-- EXERCISE --
Each line of the data must reappear exactly in your answer, with no images included.
DATA SECTION Start Marker
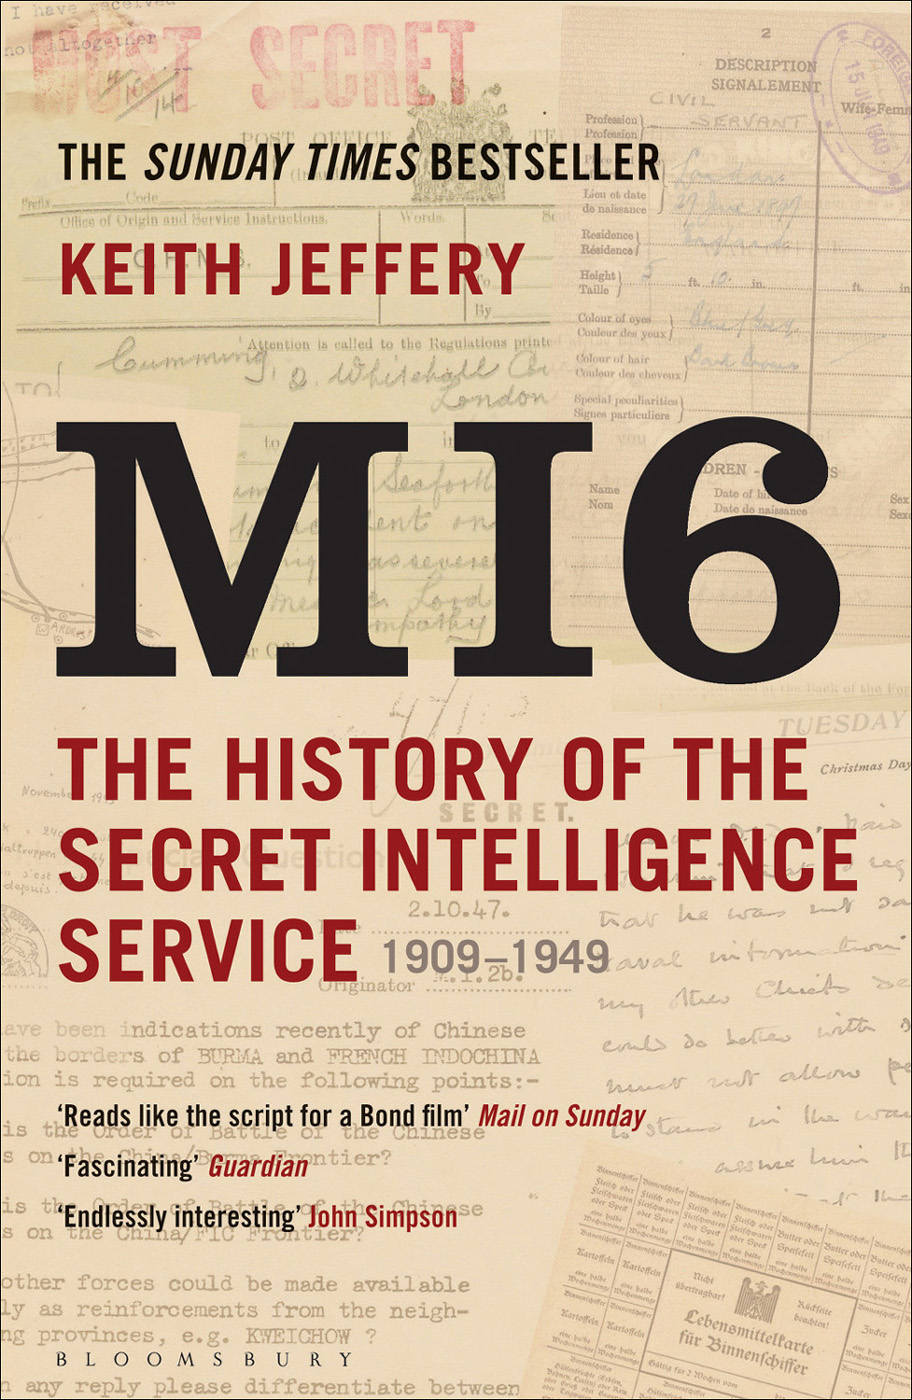 MI6: The History of the Secret Intelligence Service 1909-1949
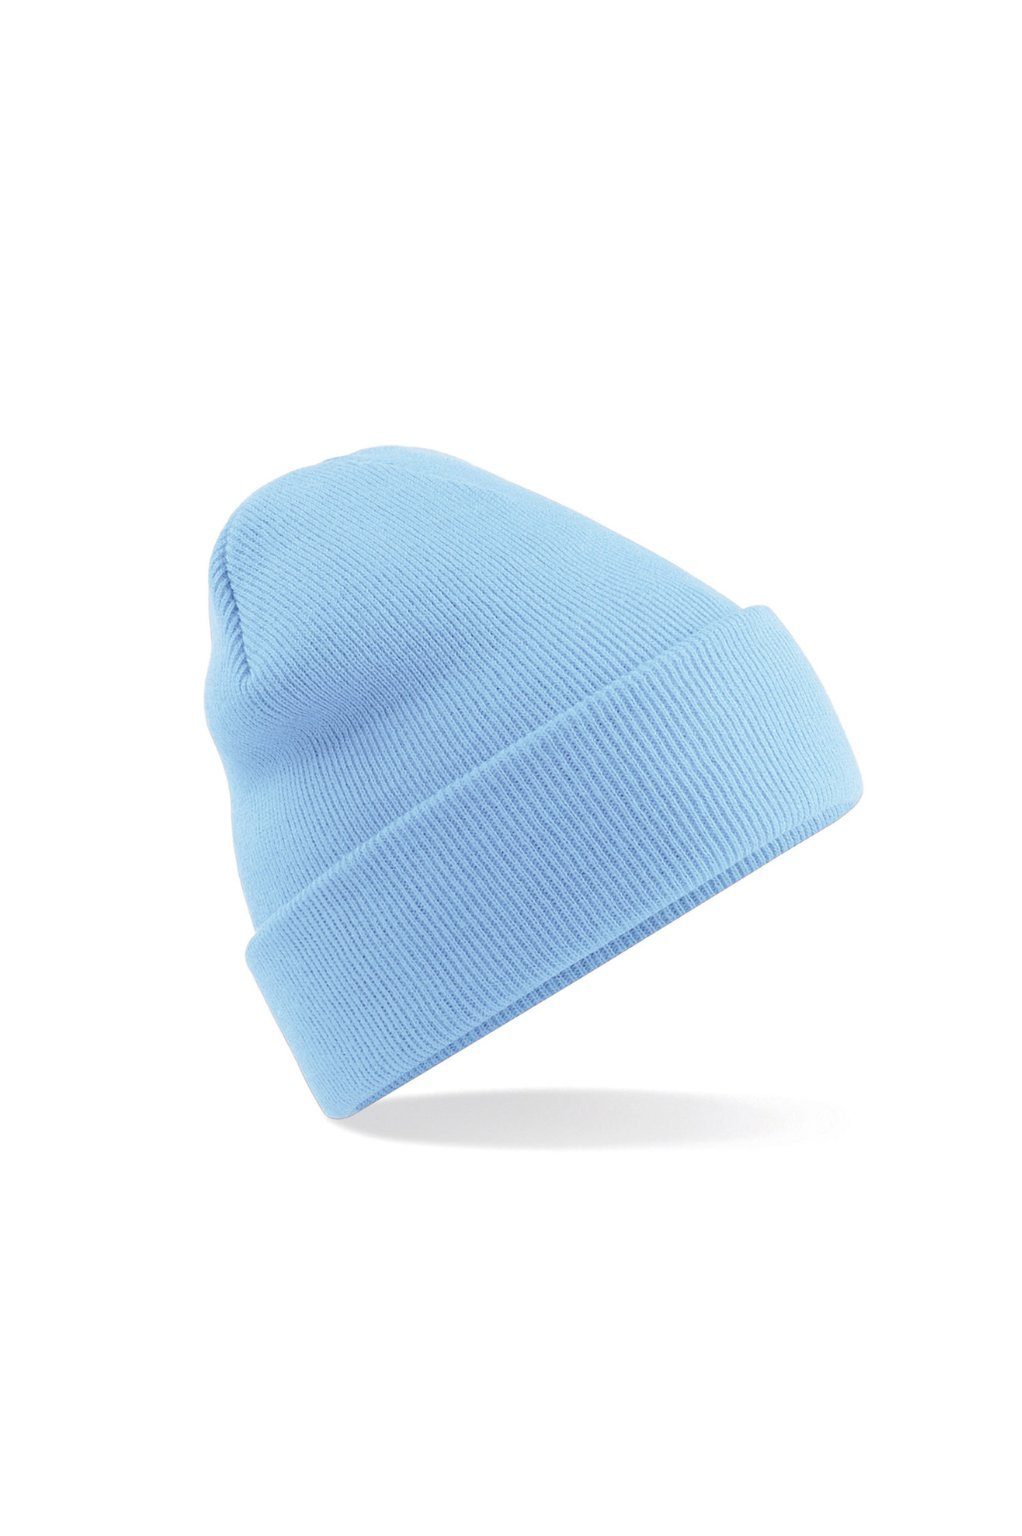 ESMINA Strickmütze Comfy Beanie - seidenweich & extrem anschmiegsam durch Soft Touch, wärmend ocean blue
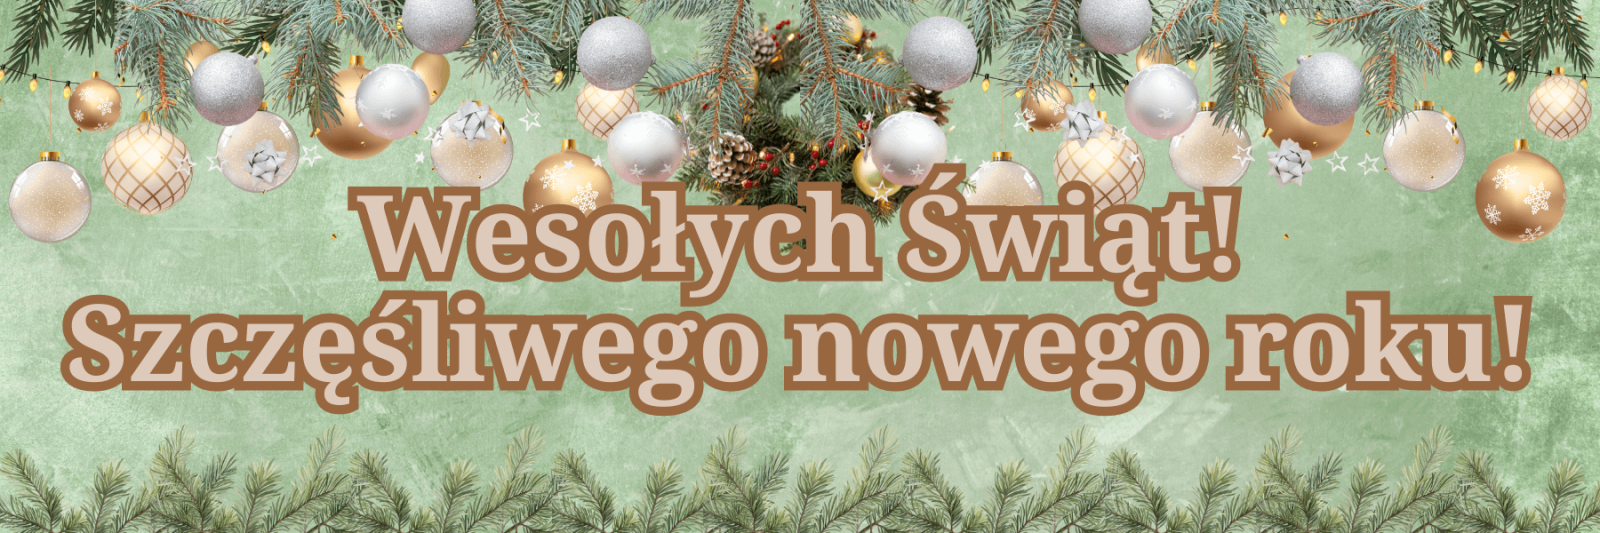 Веселого Рождества и счастливого Нового года! на польском
DATA SECTION End Marker
-- SOLUTION TO THIS PROBLEM --
 MI6: The History of the Secret Intelligence Service 1909-1949
 ESMINA Strickmütze Comfy Beanie - seidenweich & extrem anschmiegsam durch Soft Touch, wärmend ocean blue
 Веселого Рождества и счастливого Нового года! на польском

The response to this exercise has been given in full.